PaLM 2, the company’s new general-purpose Large Language Model (LLM) unveiled at Google I/O, is trained on 3.6 trillion tokens, according to internal documentation viewed by CNBC. Tokens, which are sequences of words, are an important building block for training LLMs because they teach the model to predict the next word that will appear in a sequence.

Google’s previous version of PaLM, which stands for Pathways Language Model, was released in 2022 and trained to 780 billion tokens.

While Google was eager to demonstrate the power of its artificial intelligence technology and how it’s embedded in search, email, word processing, and spreadsheets, the company was reluctant to release the size or other details of its training data.
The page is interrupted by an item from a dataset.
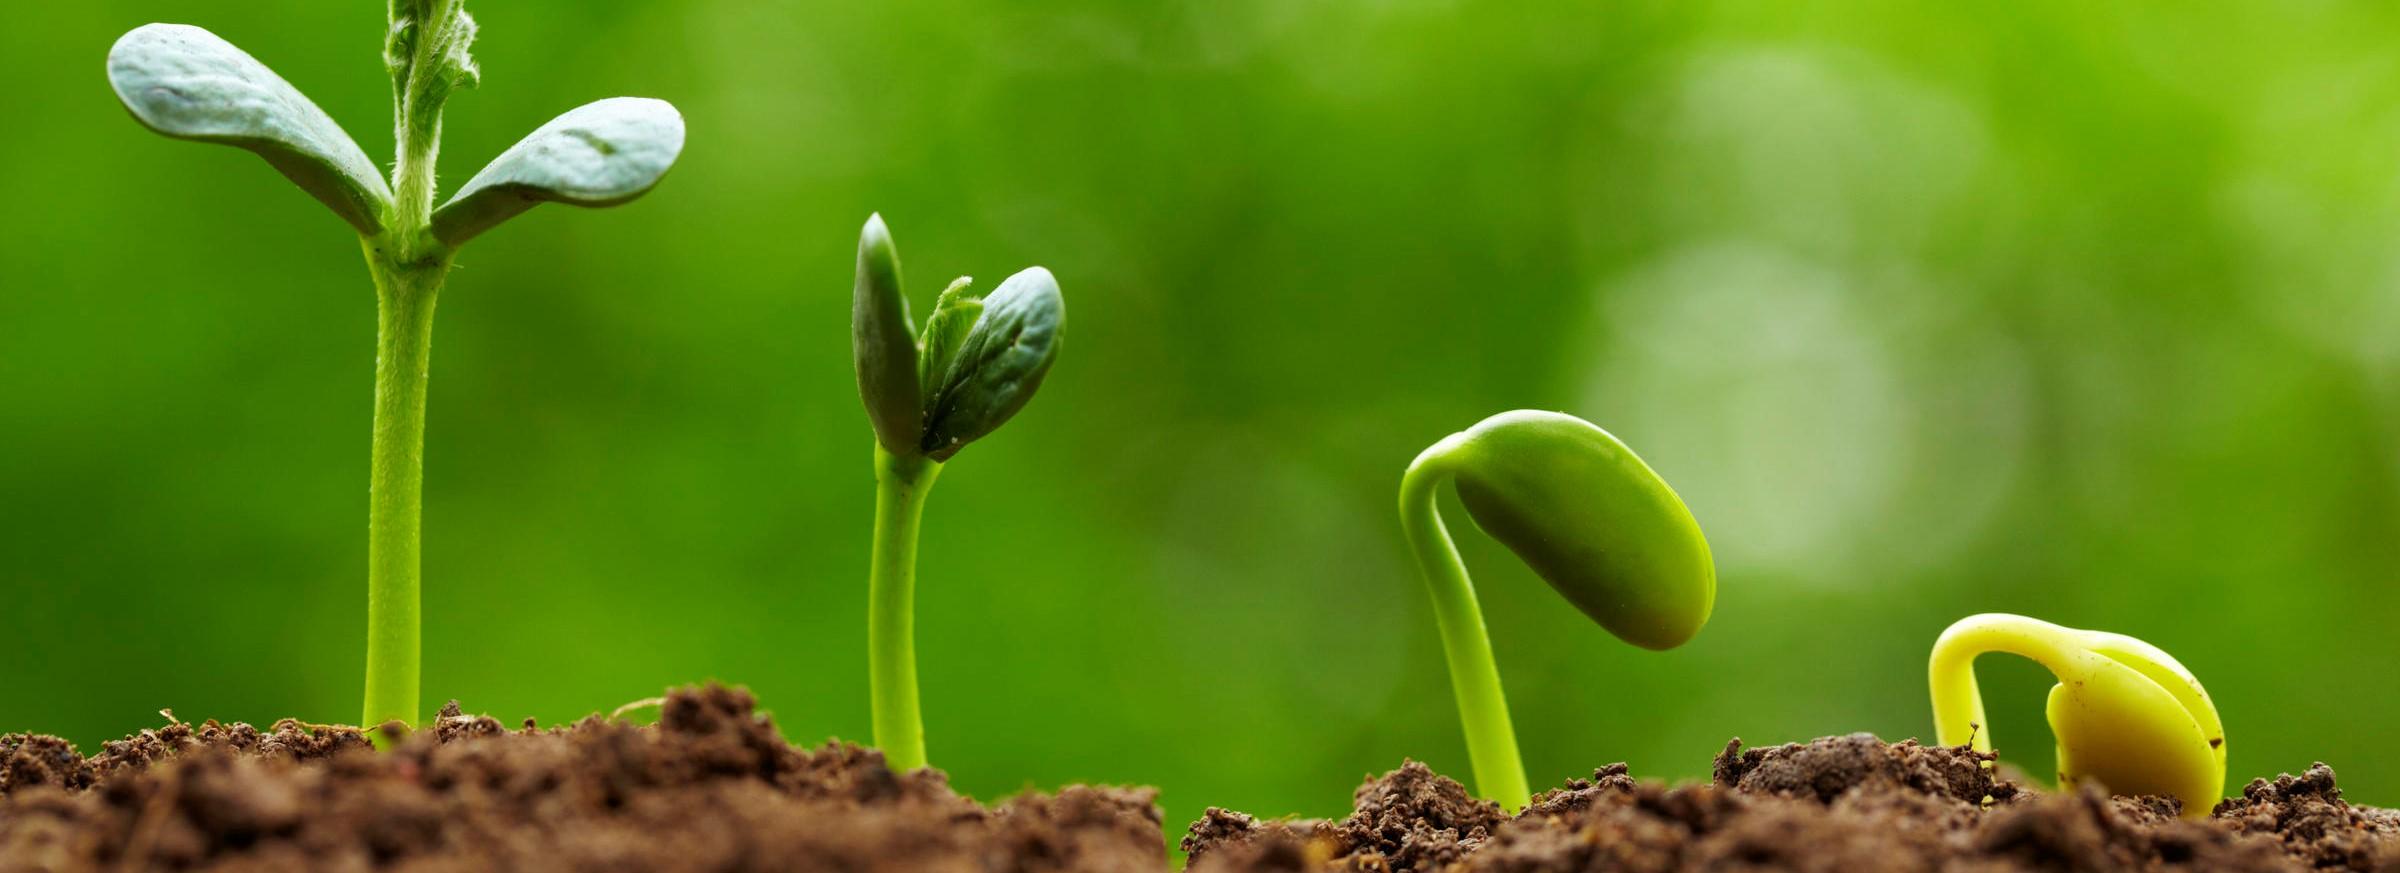 نباتات , - اعلن مجاناً في منصة وموقع عنكبوت للاعلانات المجانية المبوبة|photos/2018/03/slider1-plants.jpg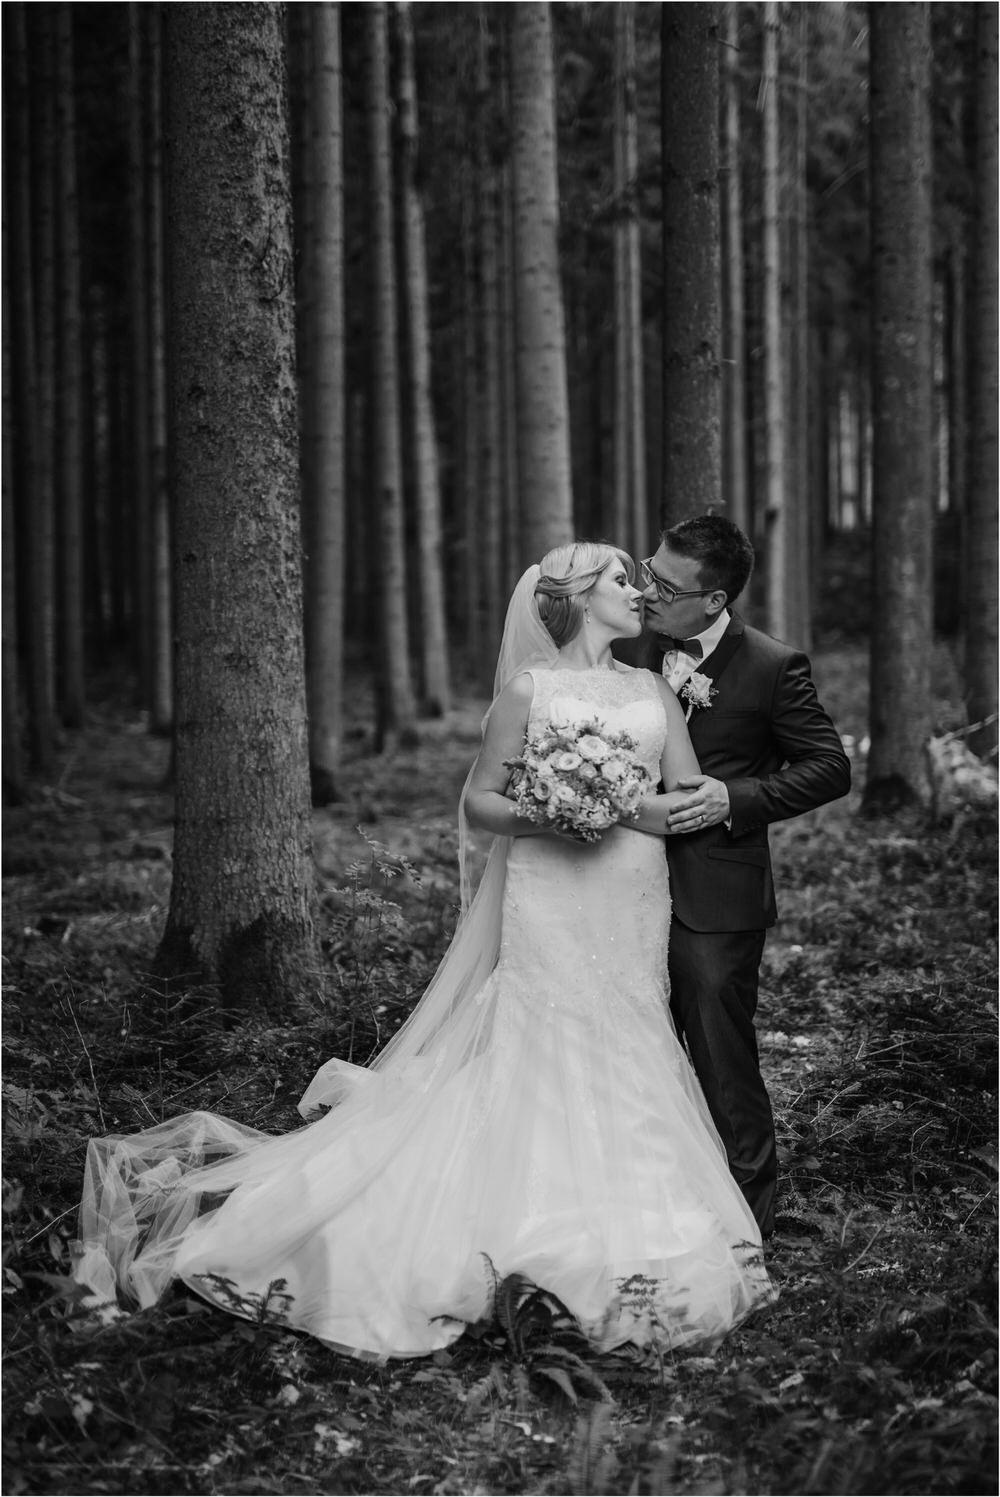 tuscany italy wedding photographer croatia austria france ireland lake bled engagement wedding porocni fotograf 0041.jpg

OpenAI, the Microsoft-backed developer of ChatGPT, has also kept the details of its latest LLM, called GPT-4, secret.

According to the companies, the reason for the lack of disclosure is the competitive nature of the business. Google and OpenAI are rushing to lure users who may want to search for information using conversational chatbots instead of traditional search engines.

But as the AI ​​arms race intensifies, the research community is demanding more transparency.

Since unveiling PaLM 2, Google has said the new model is smaller than previous LLMs, which is significant because it means the company’s technology will become more efficient while also handling more demanding tasks. According to internal documents, PaLM 2 is trained on 340 billion parameters, an indication of the complexity of the model. The initial PaLM was trained on 540 billion parameters.

Google did not immediately comment on this story.

Google said in a PaLM 2 blog post that the model uses a “new technique” called “machine-optimal scaling.” This makes the LLM “more efficient with better overall performance, including faster inference, fewer parameters to deploy, and lower deployment costs.”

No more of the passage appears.